The whole listing is to be restated word for word with no images.

**** Raw data

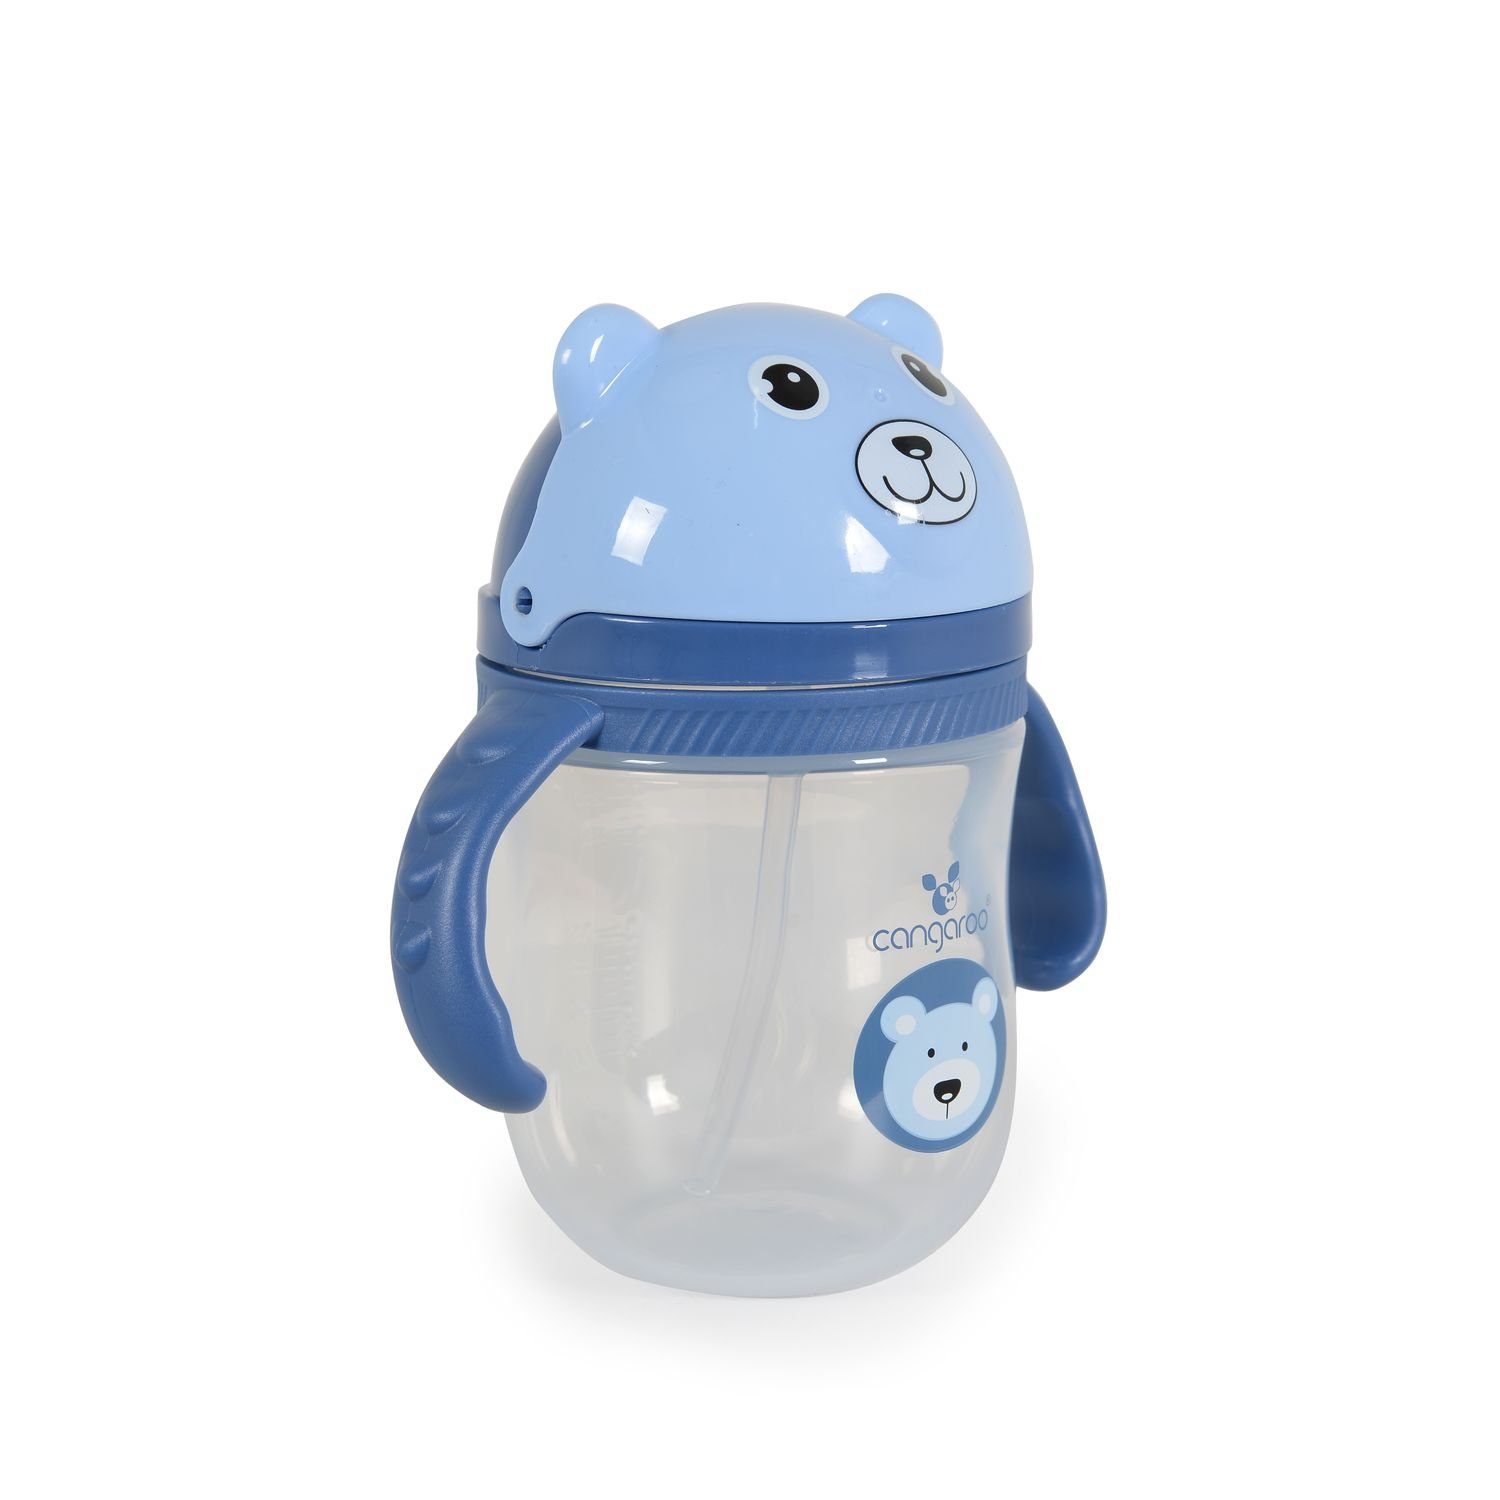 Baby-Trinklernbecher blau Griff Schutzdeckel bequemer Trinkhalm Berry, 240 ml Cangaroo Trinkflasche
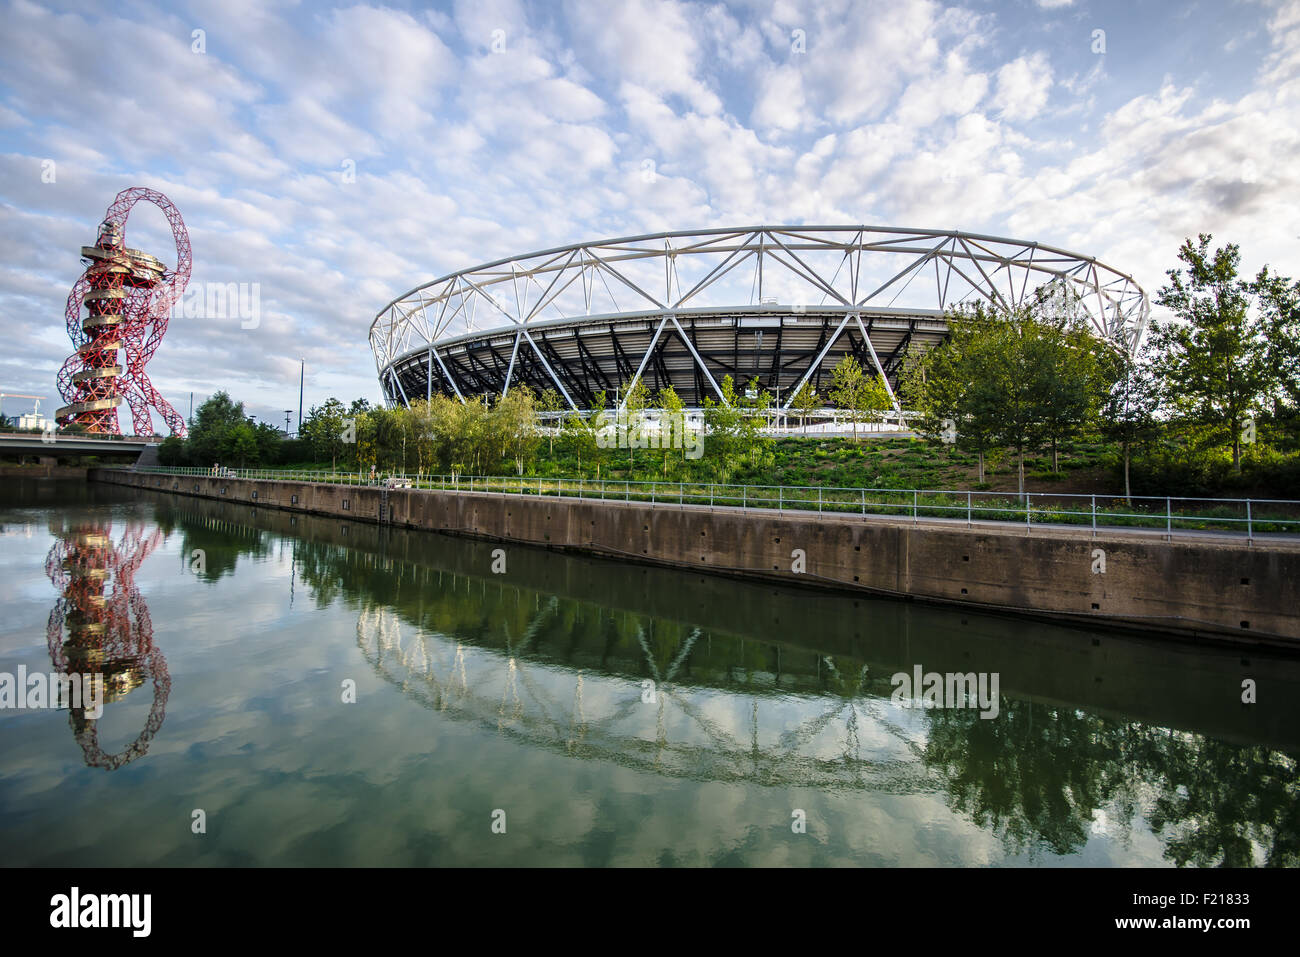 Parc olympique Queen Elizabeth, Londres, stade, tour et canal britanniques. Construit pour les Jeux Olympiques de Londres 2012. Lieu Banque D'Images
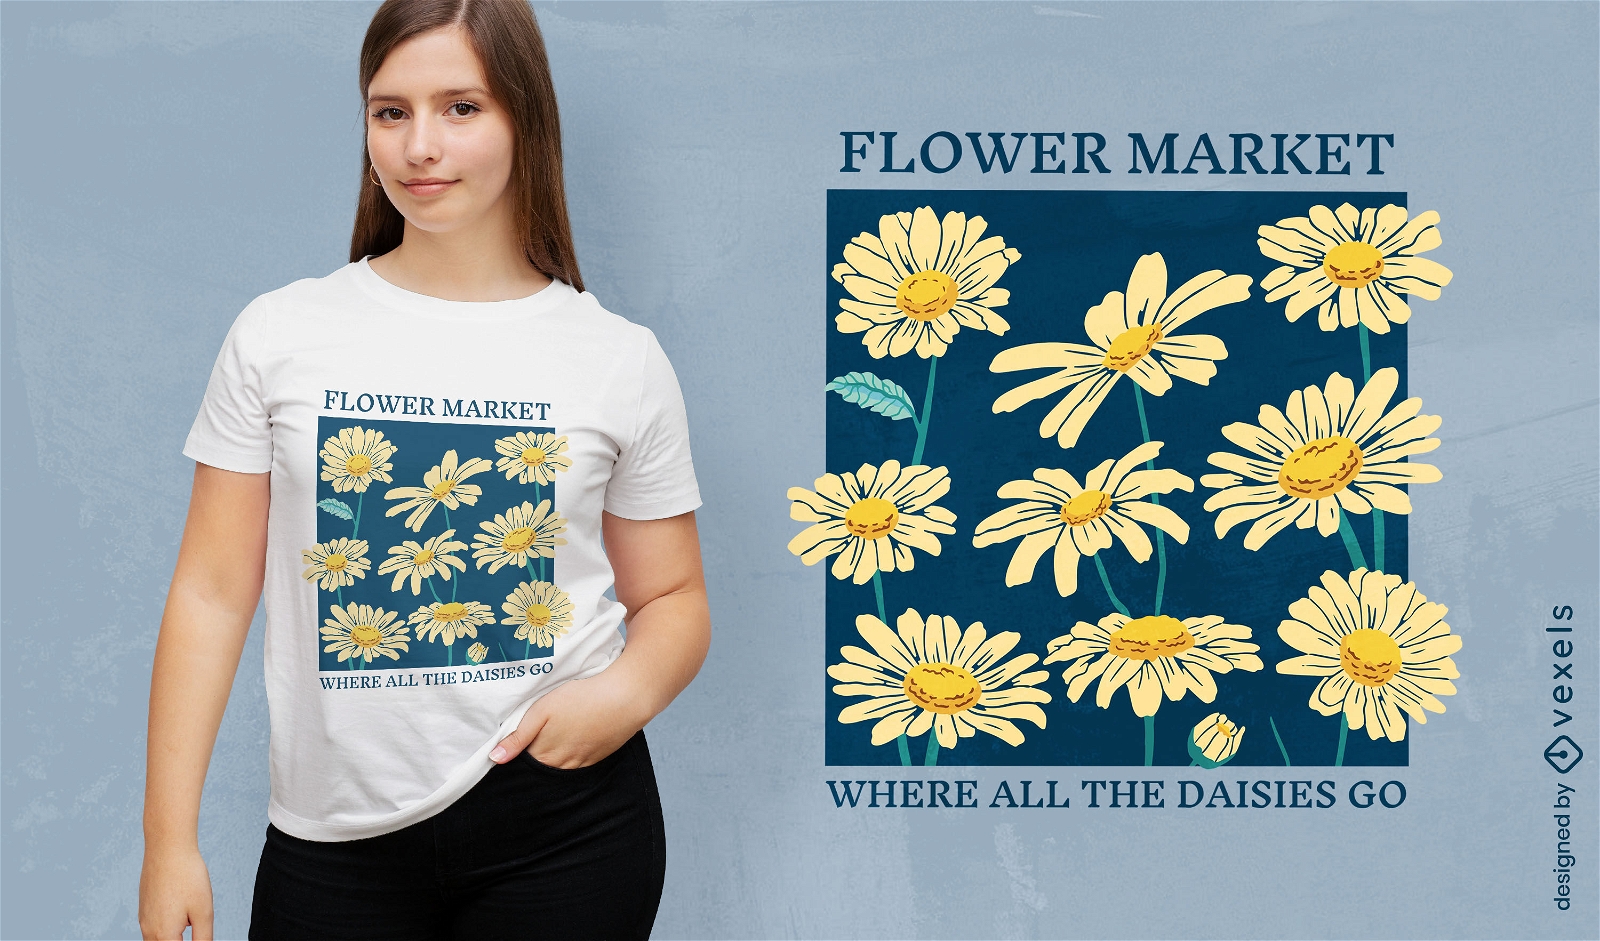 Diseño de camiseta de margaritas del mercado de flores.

********

### Finished exercise
 Baby-Trinklernbecher blau Griff Schutzdeckel bequemer Trinkhalm Berry, 240 ml Cangaroo Trinkflasche
 Parc olympique Queen Elizabeth, Londres, stade, tour et canal britanniques. Construit pour les Jeux Olympiques de Londres 2012. Lieu Banque D'Images
 Diseño de camiseta de margaritas del mercado de flores.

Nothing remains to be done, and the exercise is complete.